Under even highly-mutagenic conditions, the error probabilities given by the columns of *T* are known *a priori* to be very close to the extremes of either zero or one. *Taq* polymerase is one of the best-studied polymerases in molecular biology and its error rate is known to be heavily influenced by the precise experimental conditions under which it is used [6, 43]. Therefore, since the precise *relative scales* of the different types of polymerase errors are not known, we derived a prior for *T* that is 'objective' in the sense of Berger *et al*. [38]. An 'objective' prior is one that formally minimizes, in an information-theoretic sense, the influence of the prior on the posterior and is constructed to always be invariant to reparameterization.

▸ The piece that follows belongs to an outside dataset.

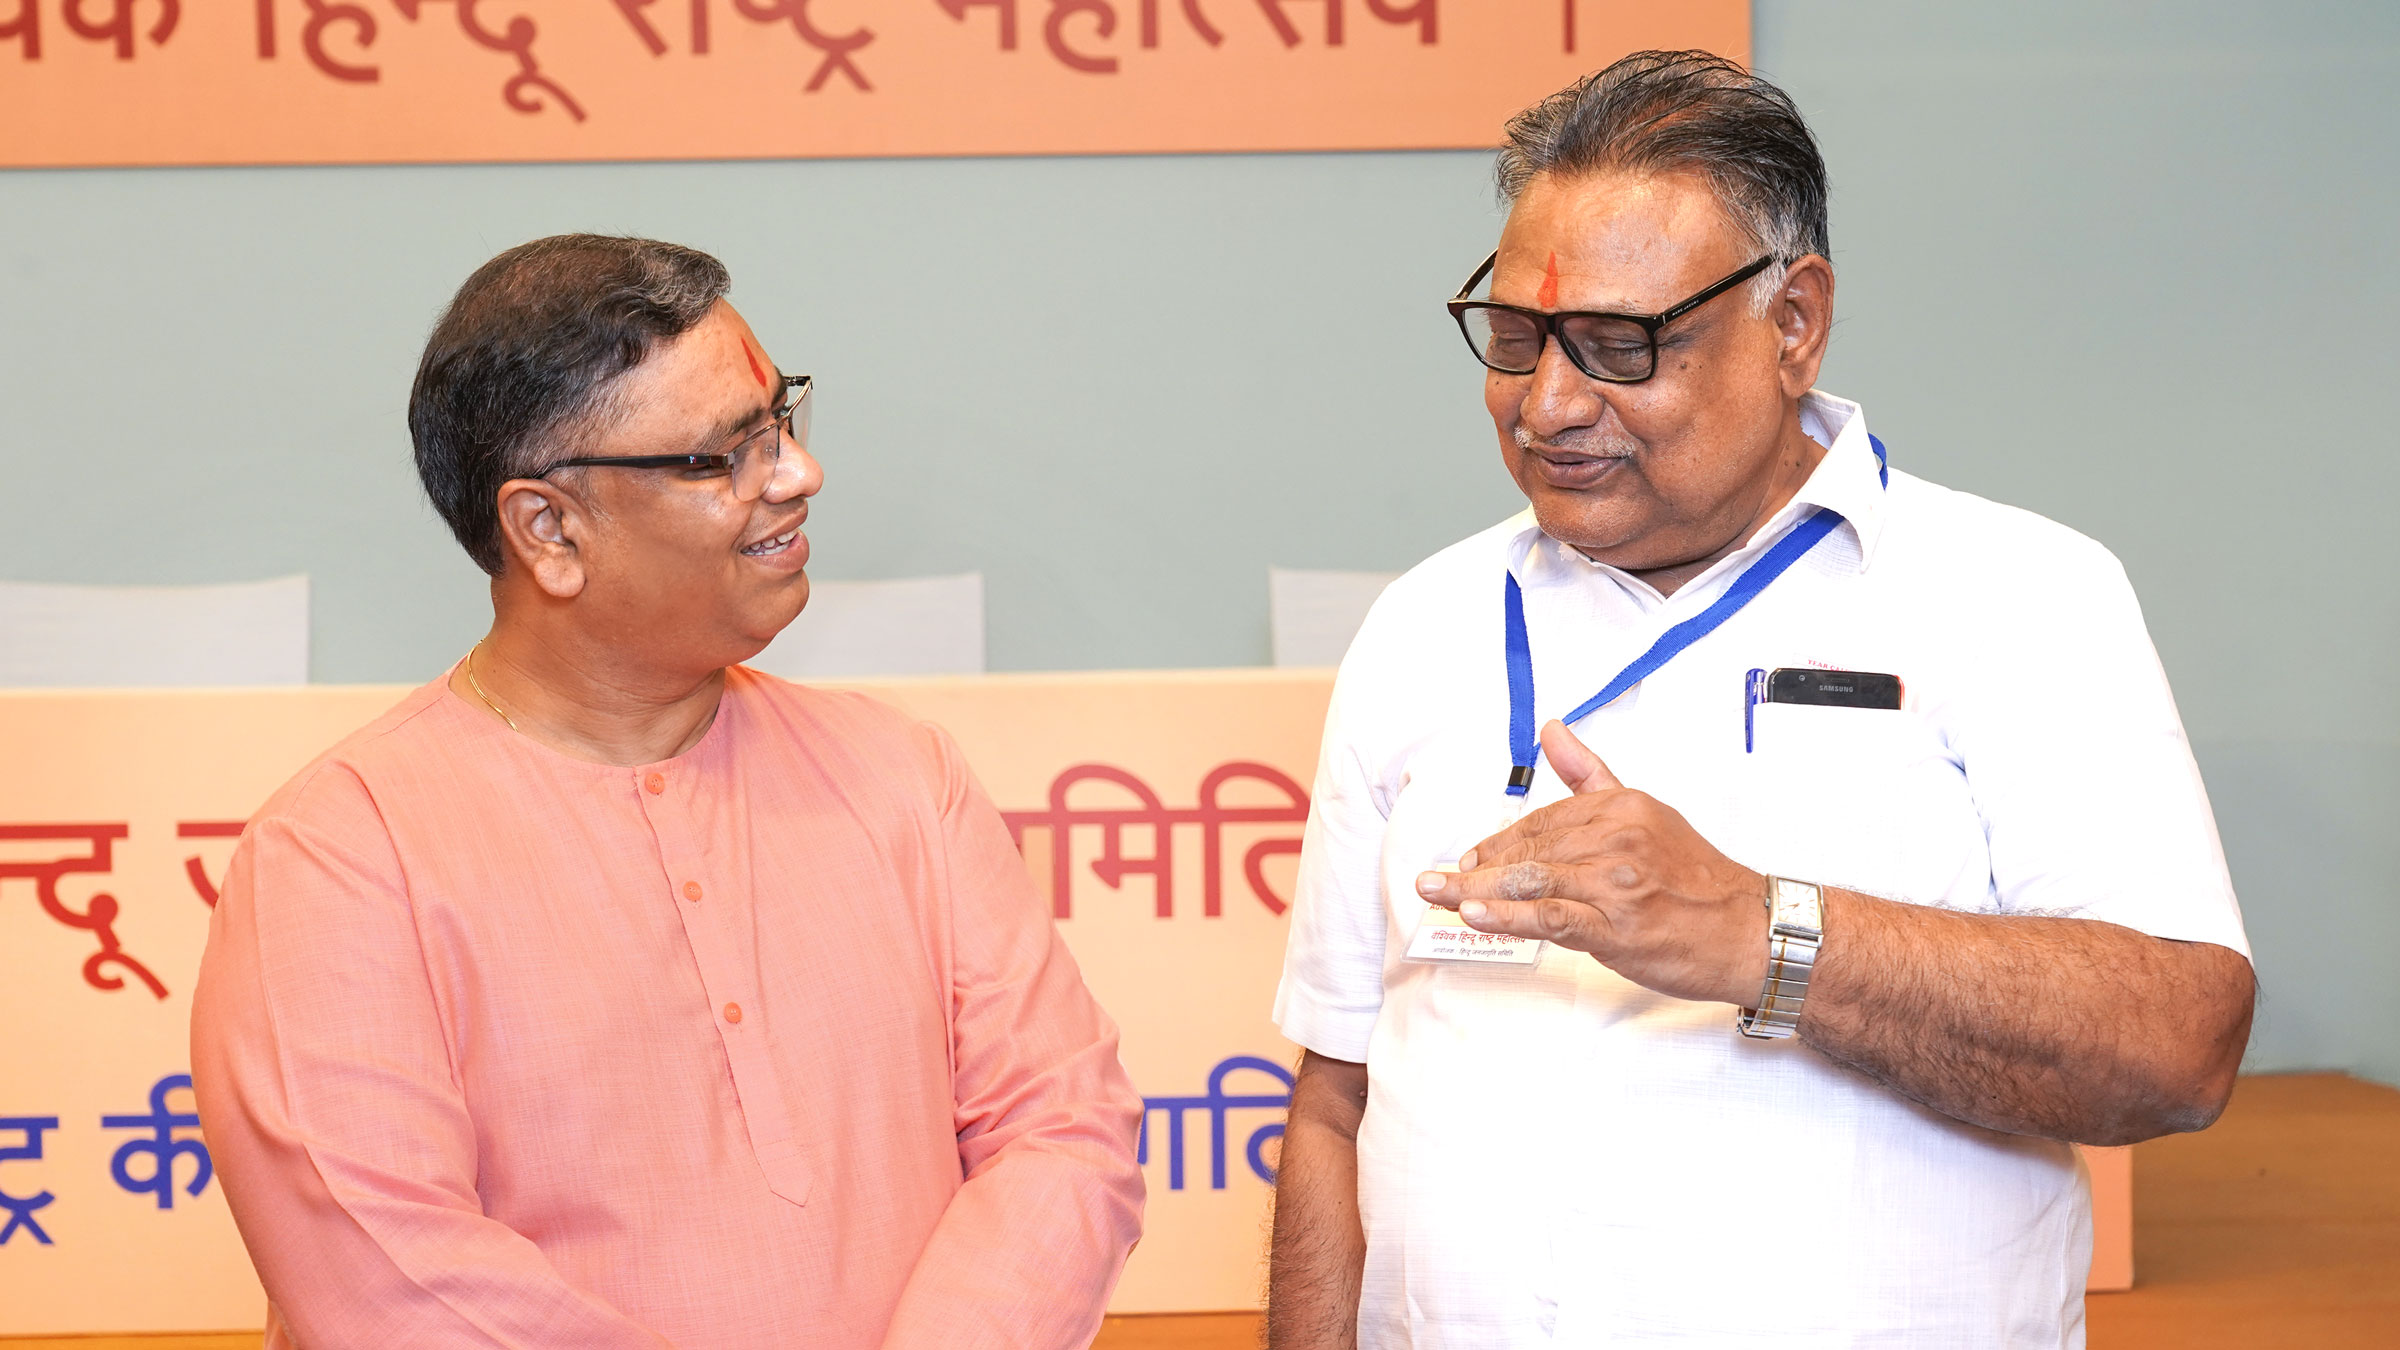 (From right) Adv. Bharat Deshmukh (Ex. Chairman, Maharashtra & Goa Bar Council) in discussion with Mr Ramesh Shinde (National Spokesperson, Hindu Janajagruti Samiti)

#### An Objective Polymerase Prior

Fortunately, there is a common case where selection of the prior is almost universally accepted, and that is when the model parameters form an Abelian Lie group [

9], or in other words, when the parameter space is a commutative group on a differentiable manifold. To see that the 16 parameters of

*T* conform to this special structure, consider the 16 dimensional parameter column-vector

$\tilde{T}=\mathrm{ln}\left\{\text{vec}T\right\},$

(19)

where 'vec' is the standard matrix-vectorization operator. Each column-constraint of *T*, namely that it sum to one, is equivalent to removing a particular one-dimensional subspace from span $\left\{\tilde{T}\right\}$.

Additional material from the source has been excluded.